Book Synopsis Mary Shelley's Monster by : Martin Tropp
Download or read book Mary Shelley's Monster written by Martin Tropp and published by . This book was released on 1976 with total page 192 pages. Available in PDF, EPUB and Kindle. Book excerpt:
Download or read book Monster written by M. R. Arnold and published by Mango Media Inc.. This book was released on 2017-10-03 with total page 290 pages. Available in PDF, EPUB and Kindle. Book excerpt: A fictionalized autobiography of the woman who wrote Frankenstein. Two centuries ago, a twenty-year-old woman invented science fiction. Her father gave her a better education than any woman of the age could hope for—and made her the victim of ongoing incest. At fifteen, she became involved with one of the greatest poets in England and made love to him on her mother’s grave. When she was sixteen, she escaped from home by running away for a six-week walking tour of Europe, and shared Percy Bysshe Shelley with her sister. And her mentor, Lord Byron, challenged her to prove she was as good a writer as the best poet-philosophers of the Enlightenment. Both men admired her mind, and both wanted more. She would publish a book that changed the world—and this historical novel imagines her inner life as a woman far ahead of her time.

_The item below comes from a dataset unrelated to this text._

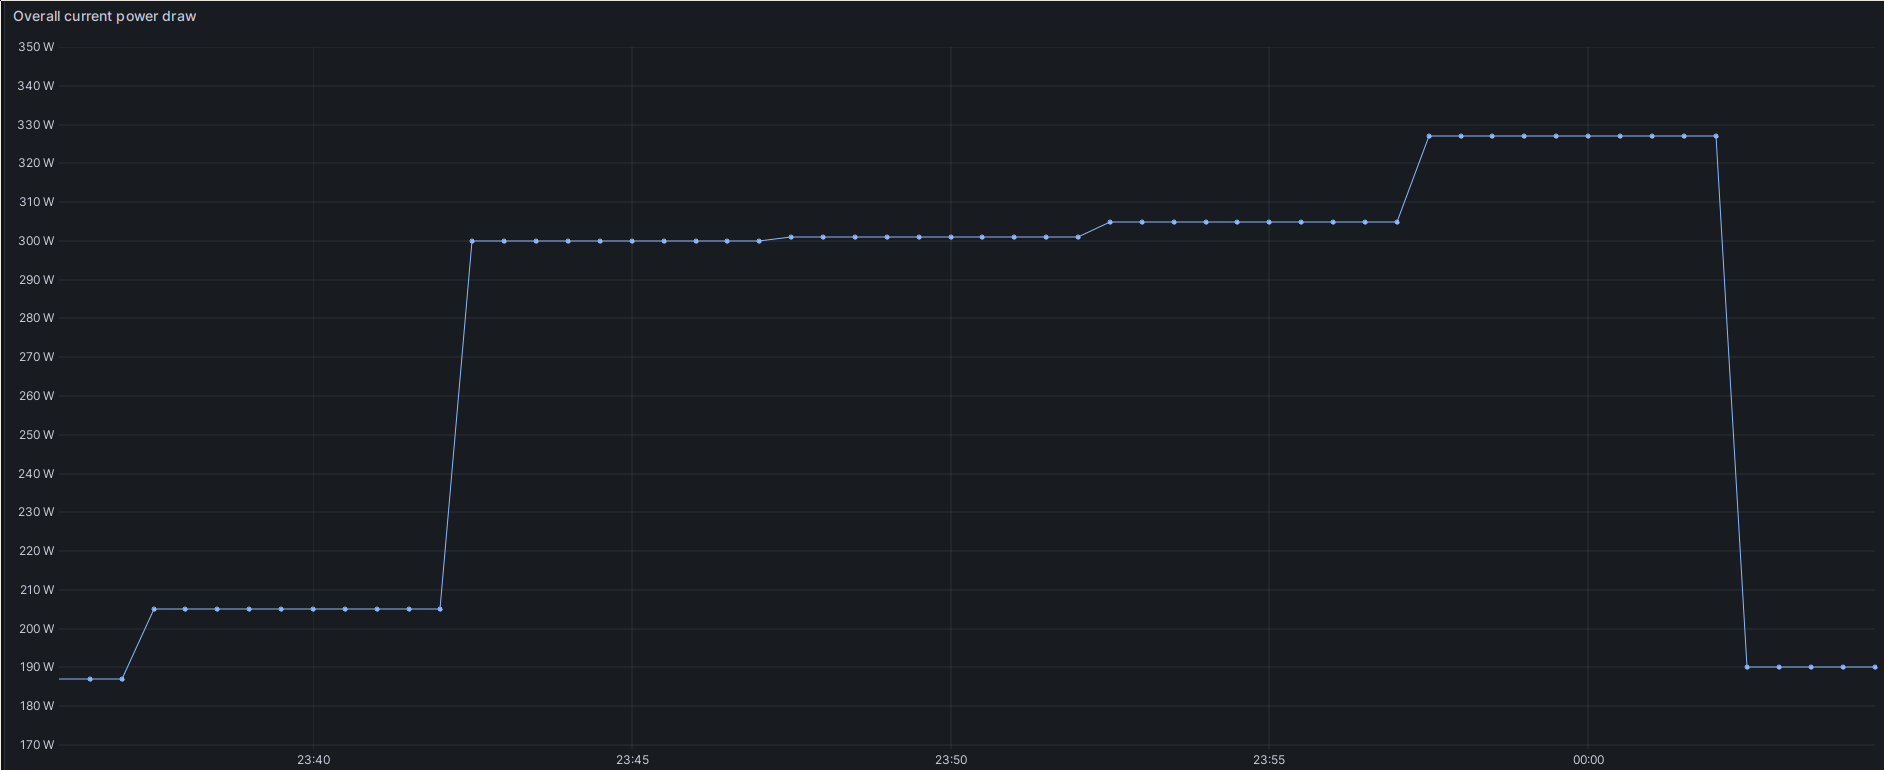 A screenshot of a Grafana visualization. On the x axis is time, and on the y axis is power usage in Watts. At the beginning and end of the graph, the consumption is around 190W. In the middle, it suddenly first goes up to about 300W and then, 12 minutes later, reaches the peak of almost 330W before going down to 190W again.

Book Synopsis She Made a Monster: How Mary Shelley Created Frankenstein by : Lynn Fulton
Download or read book She Made a Monster: How Mary Shelley Created Frankenstein written by Lynn Fulton and published by Knopf Books for Young Readers. This book was released on 2018-09-18 with total page 24 pages. Available in PDF, EPUB and Kindle. Book excerpt: A 2018 New York Times/New York Public Library Best Illustrated Children's Books On the bicentennial of Frankenstein, join Mary Shelley on the night she created the most frightening monster the world has ever seen. On a stormy night two hundred years ago, a young woman sat in a dark house and dreamed of her life as a writer. She longed to follow the path her own mother, Mary Wollstonecraft, had started down, but young Mary Shelley had yet to be inspired. As the night wore on, Mary grew more anxious. The next day was the deadline that her friend, the poet Lord Byron, had set for writing the best ghost story. After much talk of science and the secrets of life, Mary had gone to bed exhausted and frustrated that nothing she could think of was scary enough. But as she drifted off to sleep, she dreamed of a man that was not a man. He was a monster. This fascinating story gives readers insight into the tale behind one of the world's most celebrated novels and the creation of an indelible figure that is recognizable to readers of all ages. "Eye-catching artwork and engaging storytelling give this biography of a fascinating woman even more appeal."--Booklist
Download or read book The Monsters written by Dorothy Hoobler and published by Little, Brown. This book was released on 2009-05-30 with total page 304 pages. Available in PDF, EPUB and Kindle. Book excerpt: The authors of the award-winning In Darkness, Death share the remarkable true story of Frankenstein's origins and the curse on its creators.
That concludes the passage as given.